• [SUPPLIED DATA]:
═══
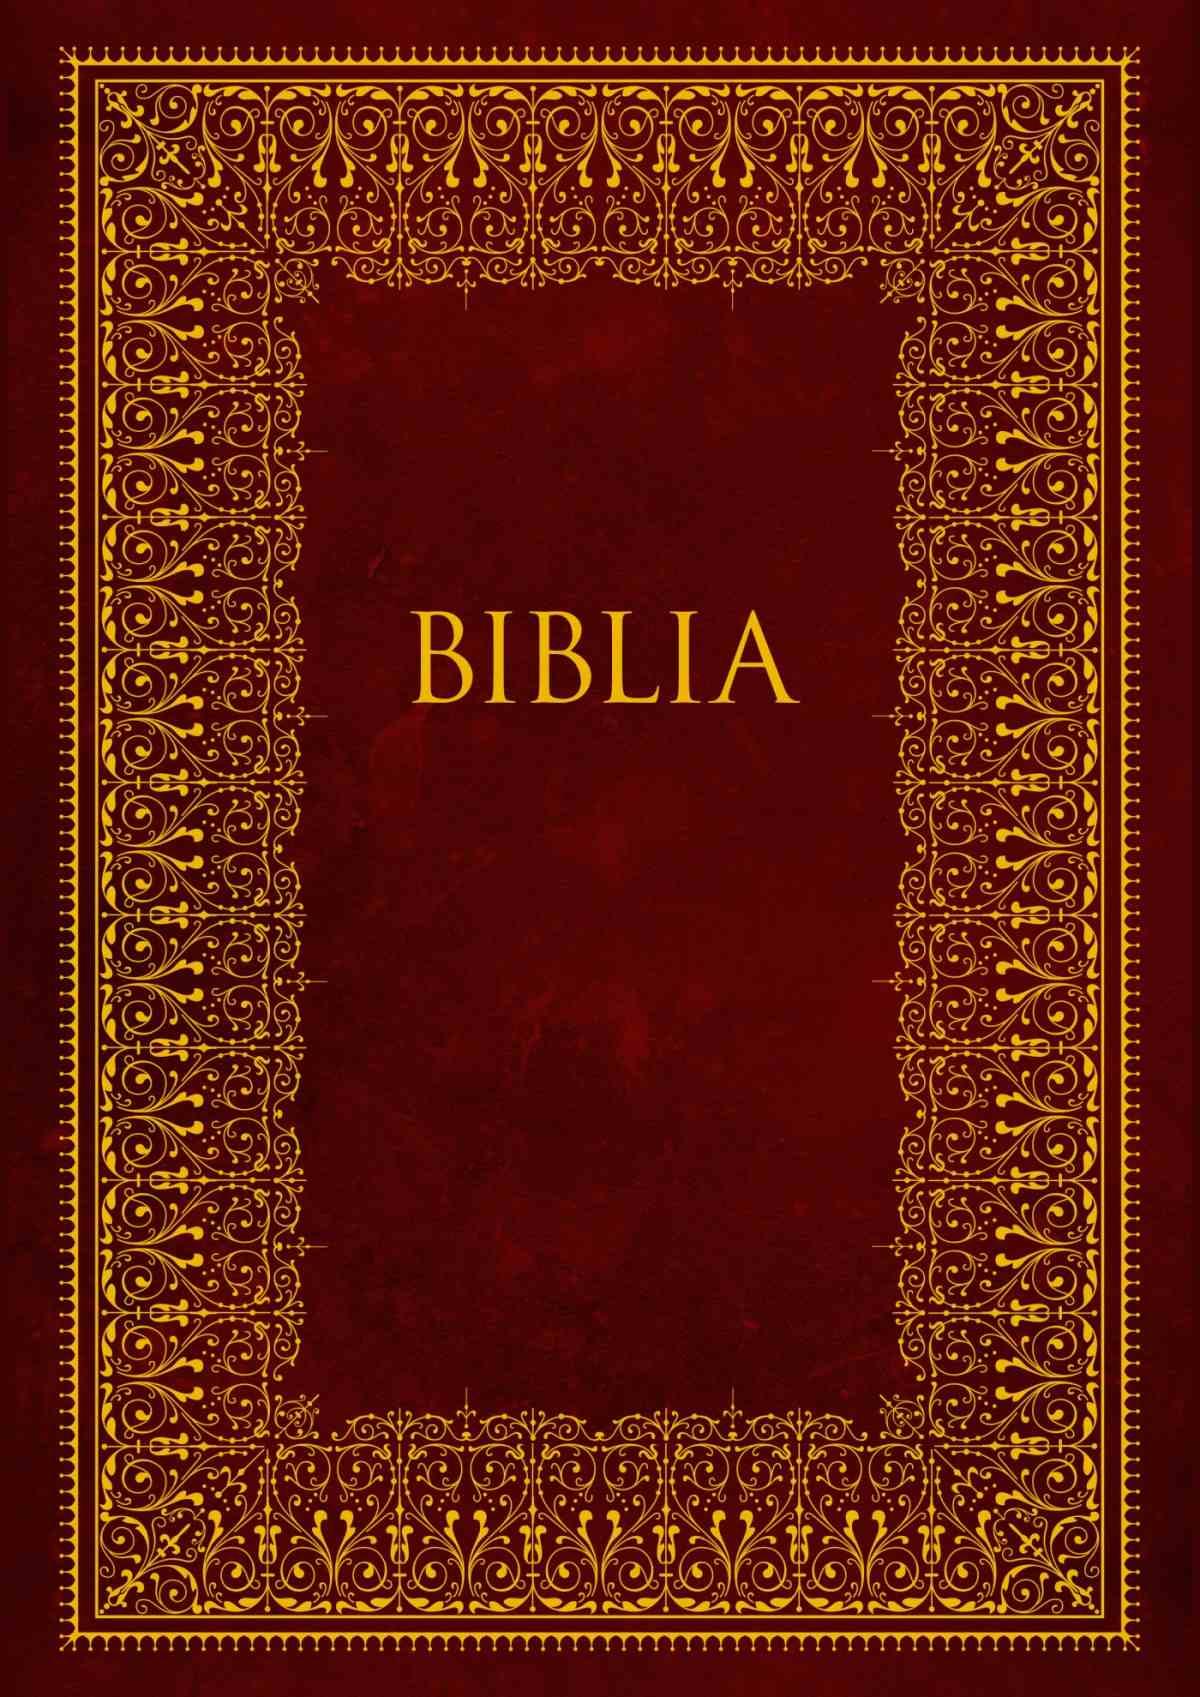 Biblia. Pismo Święte Starego i Nowego Testamentu - Ebook (Książka na Kindle) do pobrania w formacie MOBI
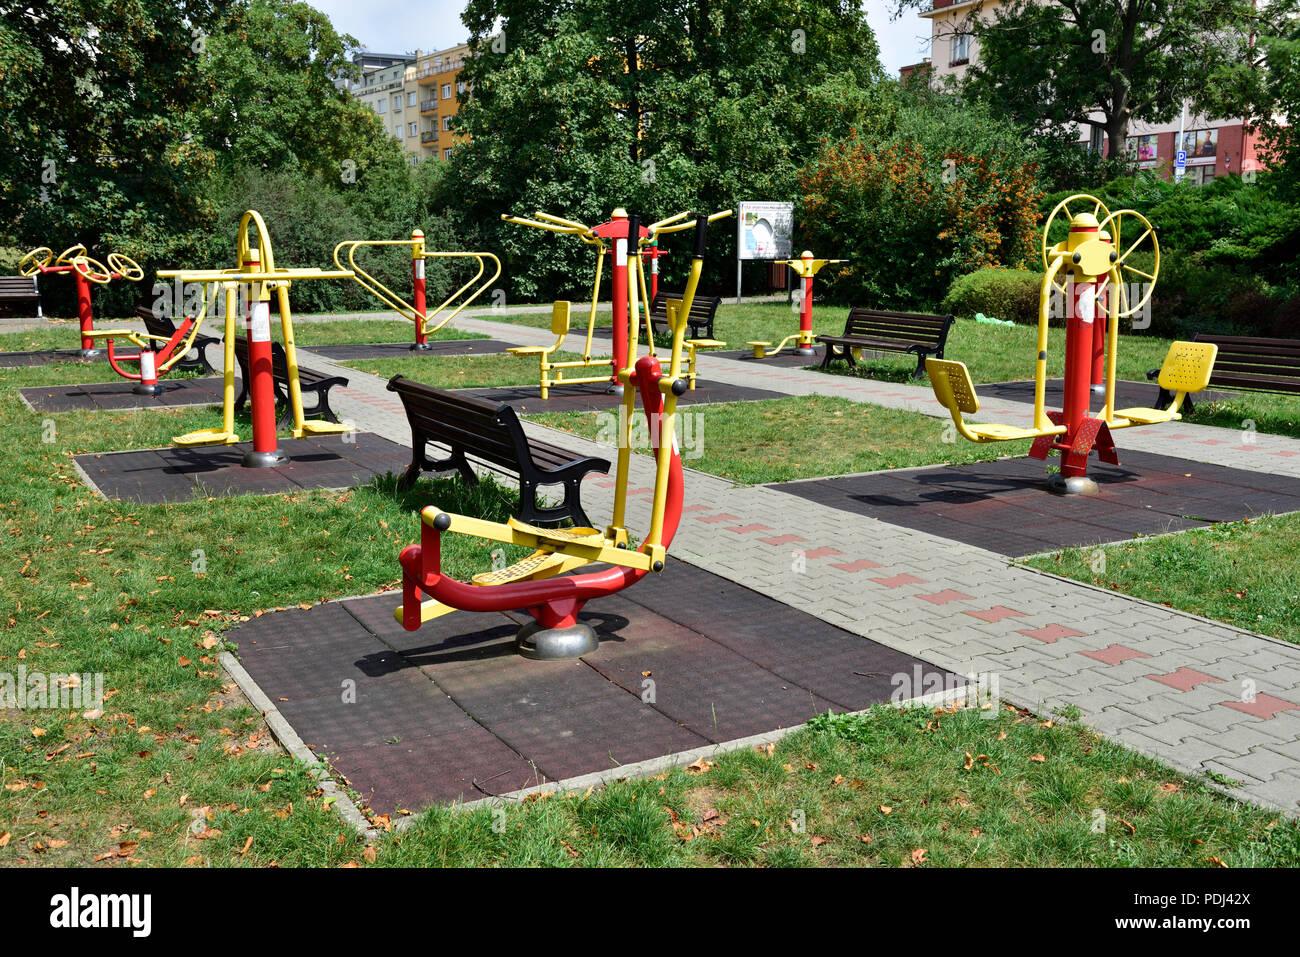 """Equipo de ejercicio público exterior para personas de la tercera edad en el parque, """"parque portuario pro seniory', Praga, República Checa Imagen De Stock"""
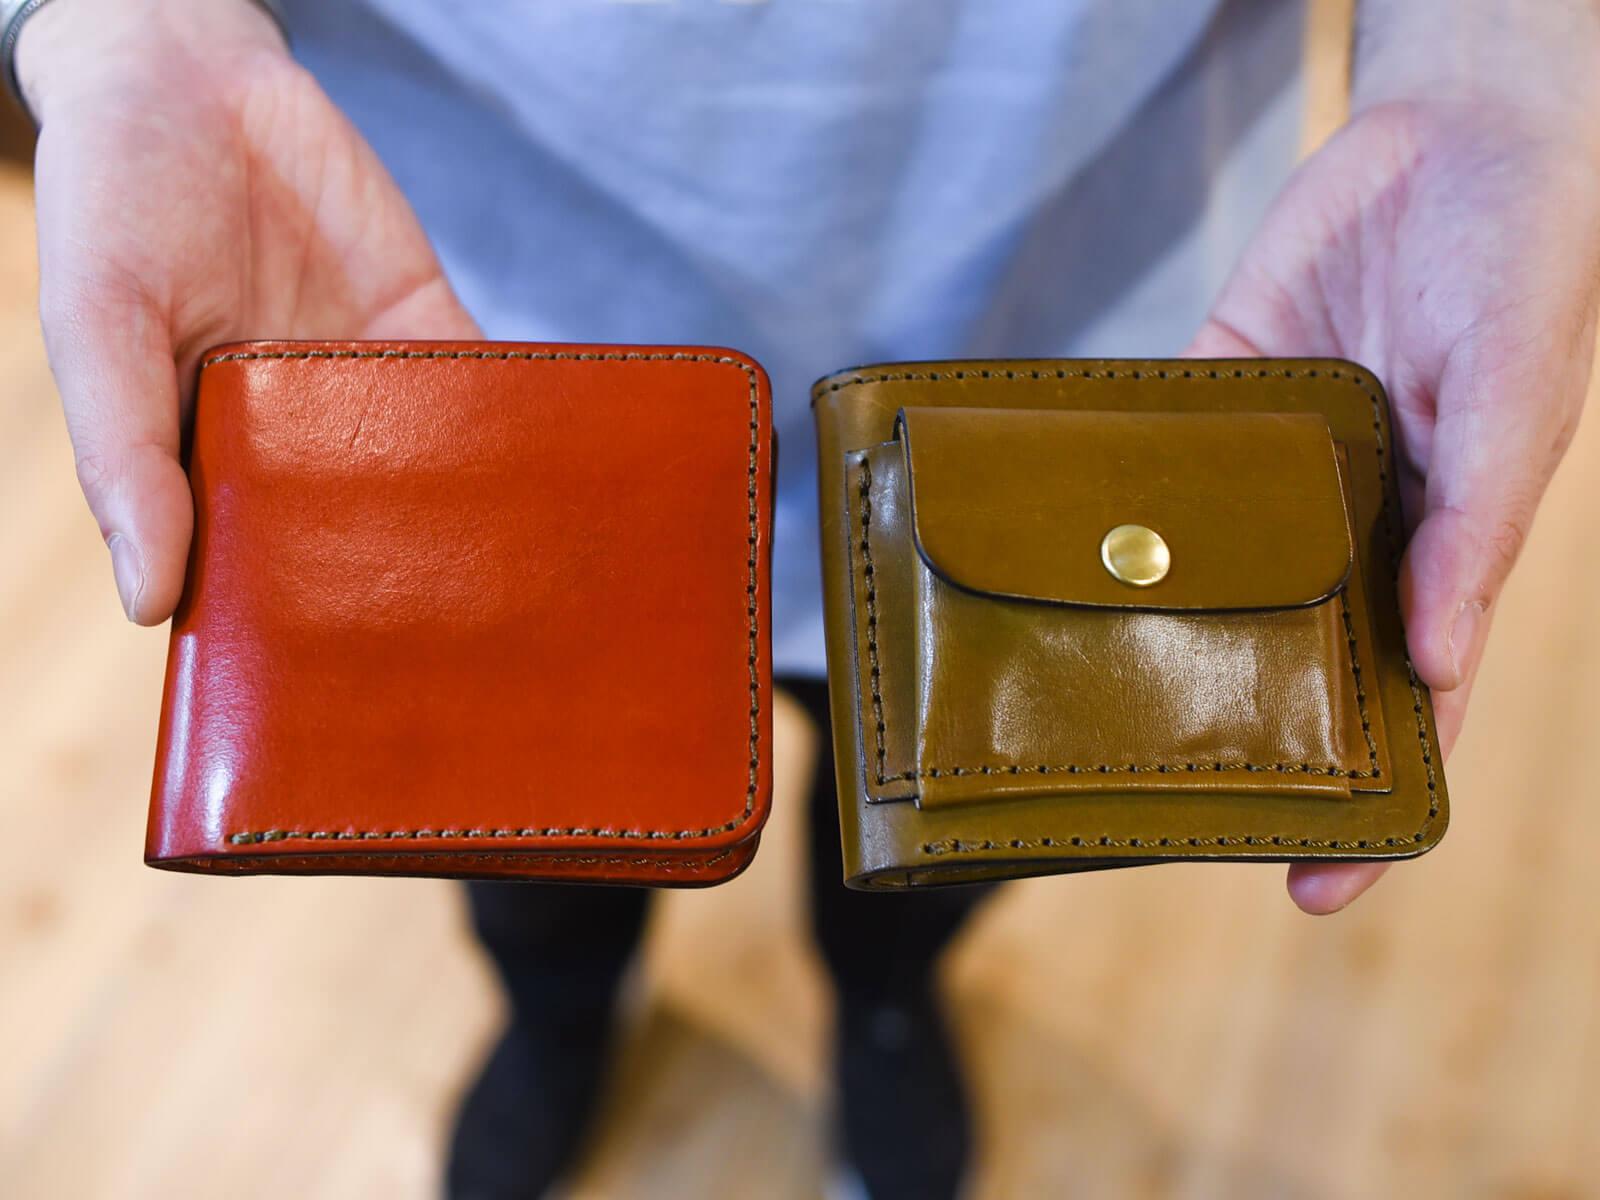 春財布2020 本店スタッフも愛用中の二つ折り財布をご紹介
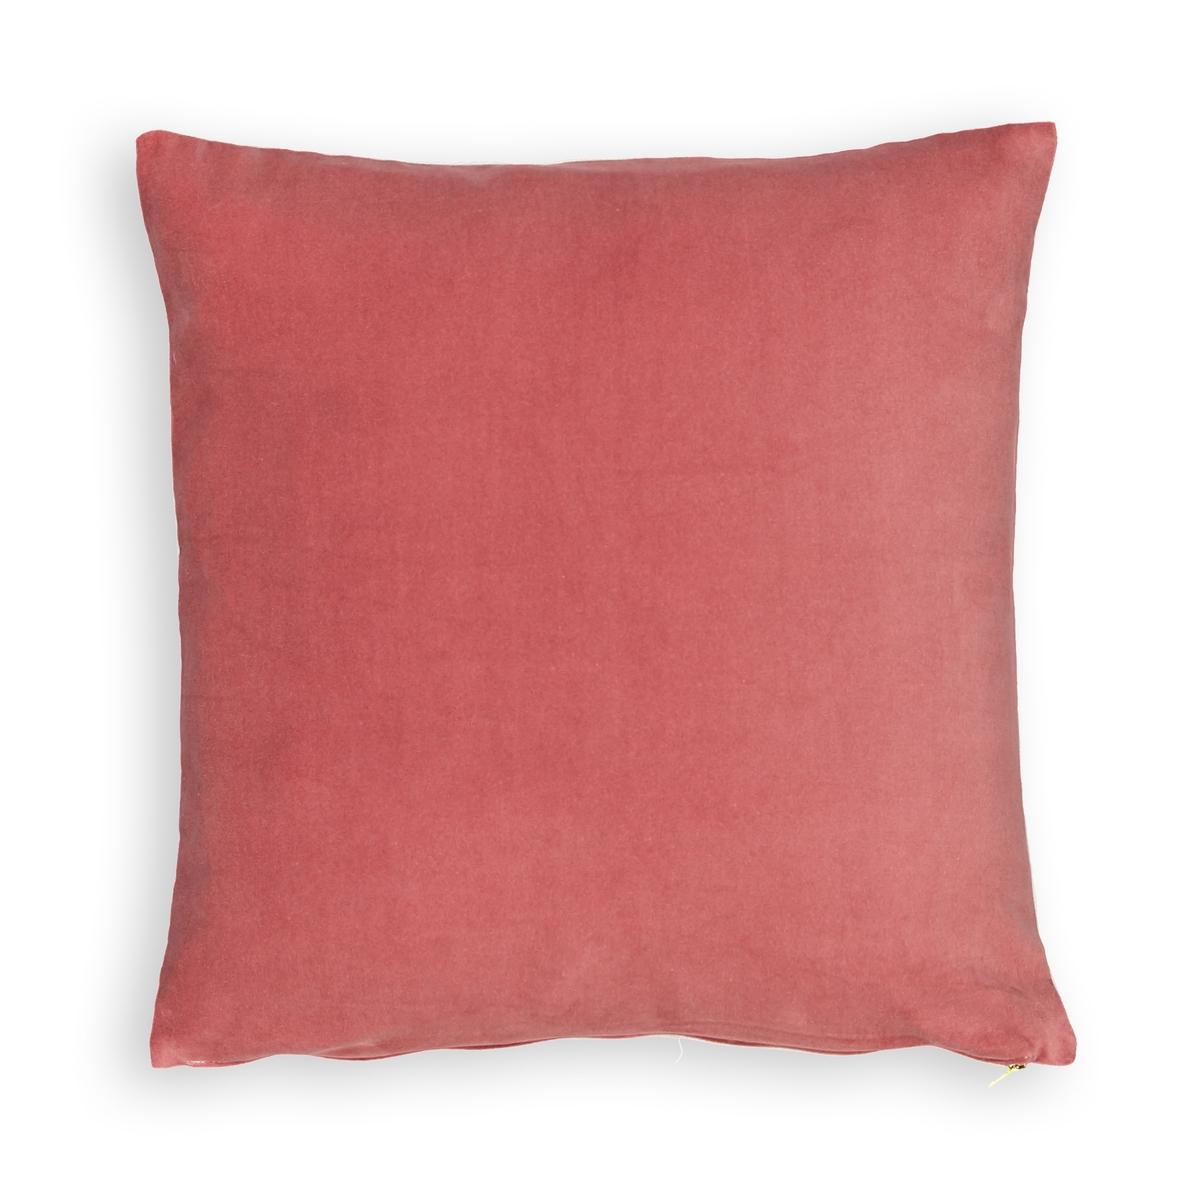 Чехол для подушки из велюра/льна POLENЧехол для подушки POLEN .  Чехол для подушки с удачным сочетанием 2 красивых материалов модных расцветок  .Характеристики чехла для подушки POLEN:Одна сторона из велюра 100% хлопок Другая сторона из 100% льна с естественной окраской Застежка на золотистую молниюРазмеры чехла для подушки POLEN  :50 x 30 см 50 x 50 см Подушка.TERRA продается отдельно на нашем сайте<br><br>Цвет: антрацит,бордовый,розовое дерево,серо-зеленый,экрю
═══
• [TASK TO COMPLETE]:
Begin at the first line of the listing and print each line exactly. Stop after the line containing "春財布2020 本店スタッフも愛用中の二つ折り財布をご紹介", and omit all pictures.

• [REPLY TO THE EXERCISE]:
 Biblia. Pismo Święte Starego i Nowego Testamentu - Ebook (Książka na Kindle) do pobrania w formacie MOBI
 """Equipo de ejercicio público exterior para personas de la tercera edad en el parque, """"parque portuario pro seniory', Praga, República Checa Imagen De Stock"""
 春財布2020 本店スタッフも愛用中の二つ折り財布をご紹介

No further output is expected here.